Physical characteristics
- Source: Confluence of North and South Umpqua Rivers
- • location: Near Roseburg
- • coordinates: 43°16′05″N 123°26′46″W﻿ / ﻿43.26806°N 123.44611°W
- • elevation: 362 ft (110 m)
- Mouth: Pacific Ocean
- • location: Reedsport
- • coordinates: 43°40′09″N 124°12′18″W﻿ / ﻿43.66917°N 124.20500°W
- • elevation: 0 ft (0 m)
- Length: 111 mi (179 km)
- Basin size: 4,640 sq mi (12,000 km^{2})
- • location: near Elkton, 56.9 miles (91.6 km) from the mouth
- • average: 7,343 cu ft/s (207.9 m^{3}/s)
- • minimum: 663 cu ft/s (18.8 m^{3}/s)
- • maximum: 265,000 cu ft/s (7,500 m^{3}/s)

= Umpqua River =

River in Oregon, United States

The Umpqua River (/ˈʌmpkwə/ UMP-kwə) on the Pacific coast of Oregon in the United States is approximately 111 mi long.
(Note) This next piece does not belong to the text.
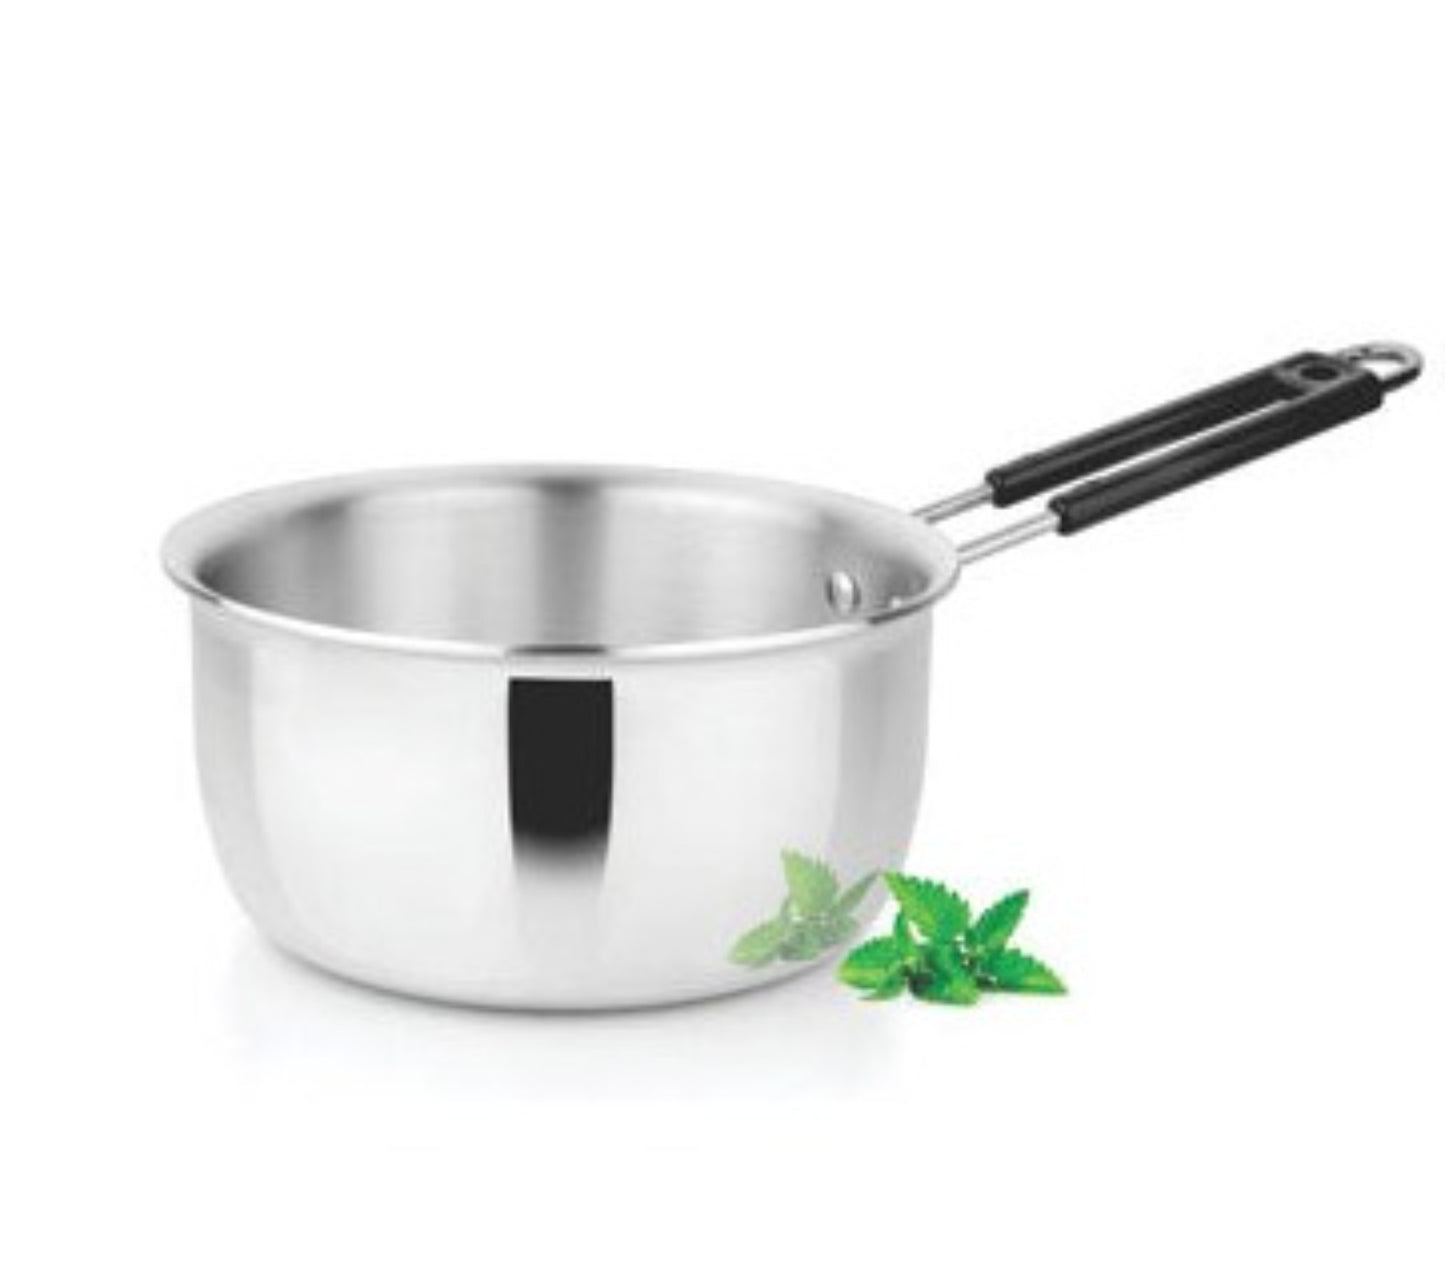 13” Stainless Steel Sauce Pan With Handle
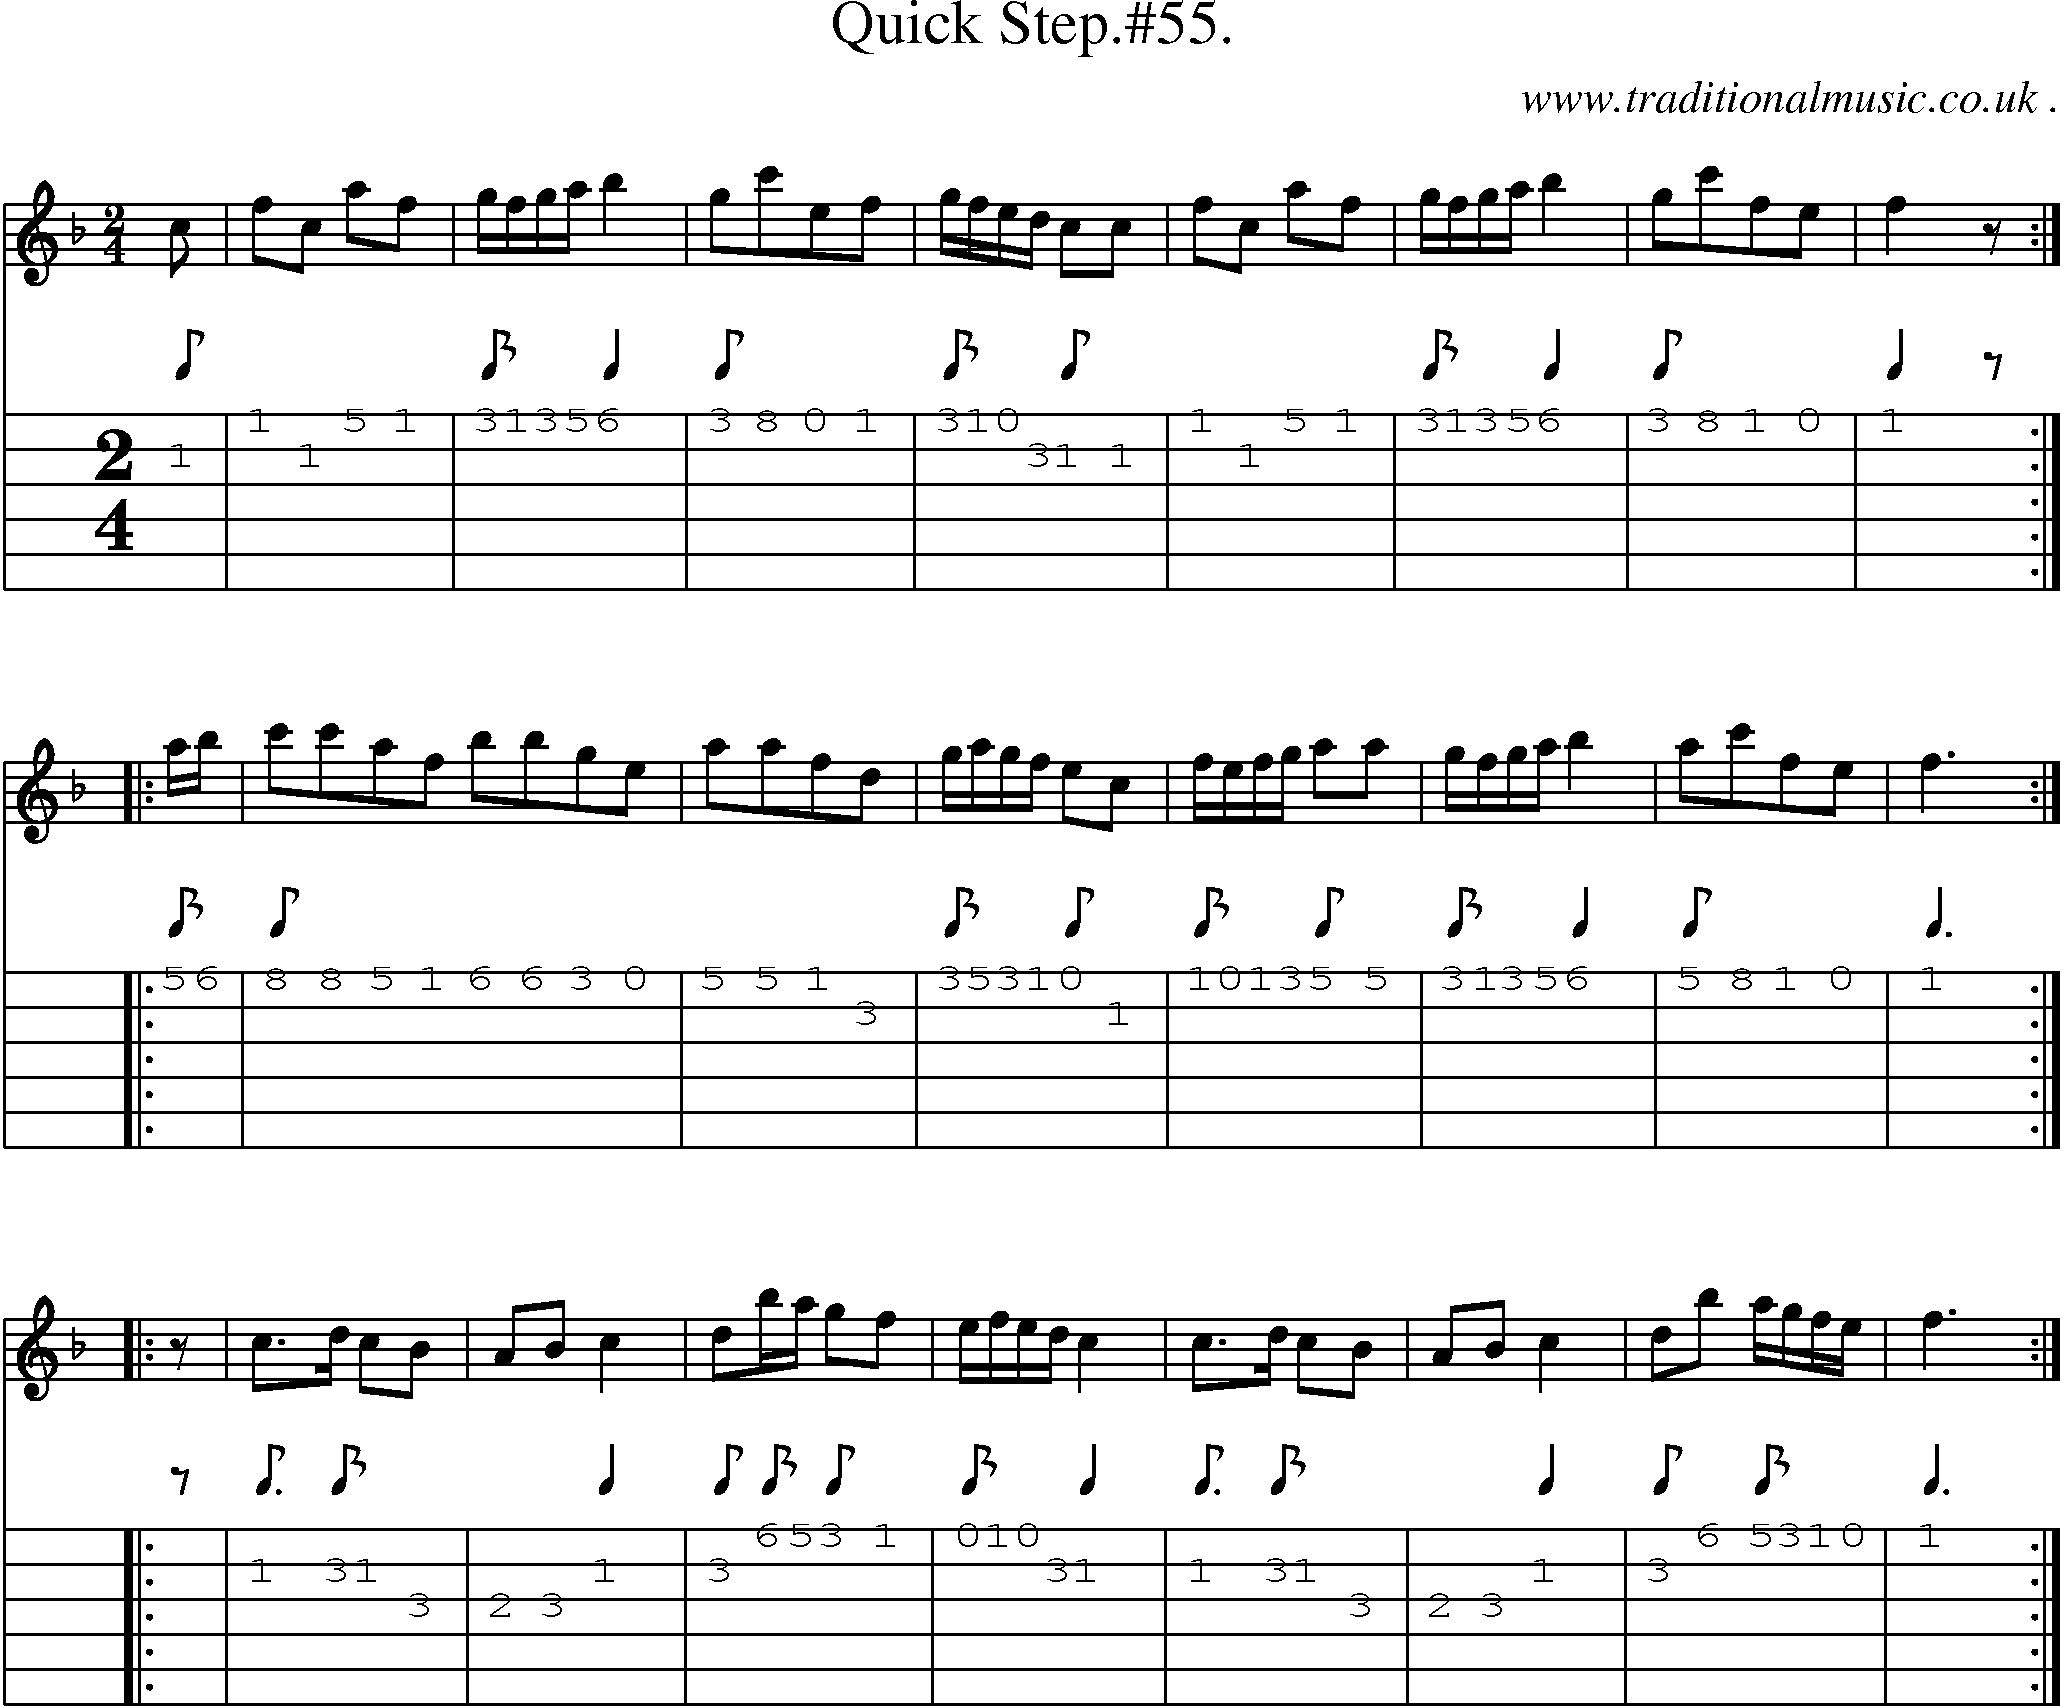 Sheet-Music and Guitar Tabs for Quick Step55

One of the principal rivers of the Oregon Coast and known for bass and shad, the river drains an expansive network of valleys in the mountains west of the Cascade Range and south of the Willamette Valley, from which it is separated by the Calapooya Mountains. From its source northeast of Roseburg, the Umpqua flows northwest through the Oregon Coast Range and empties into the Pacific at Winchester Bay. The river and its tributaries flow almost entirely within Douglas County, which encompasses most of the watershed of the river from the Cascades to the coast. The "Hundred Valleys of the Umpqua" form the heart of the timber industry of southern Oregon, generally centered on Roseburg.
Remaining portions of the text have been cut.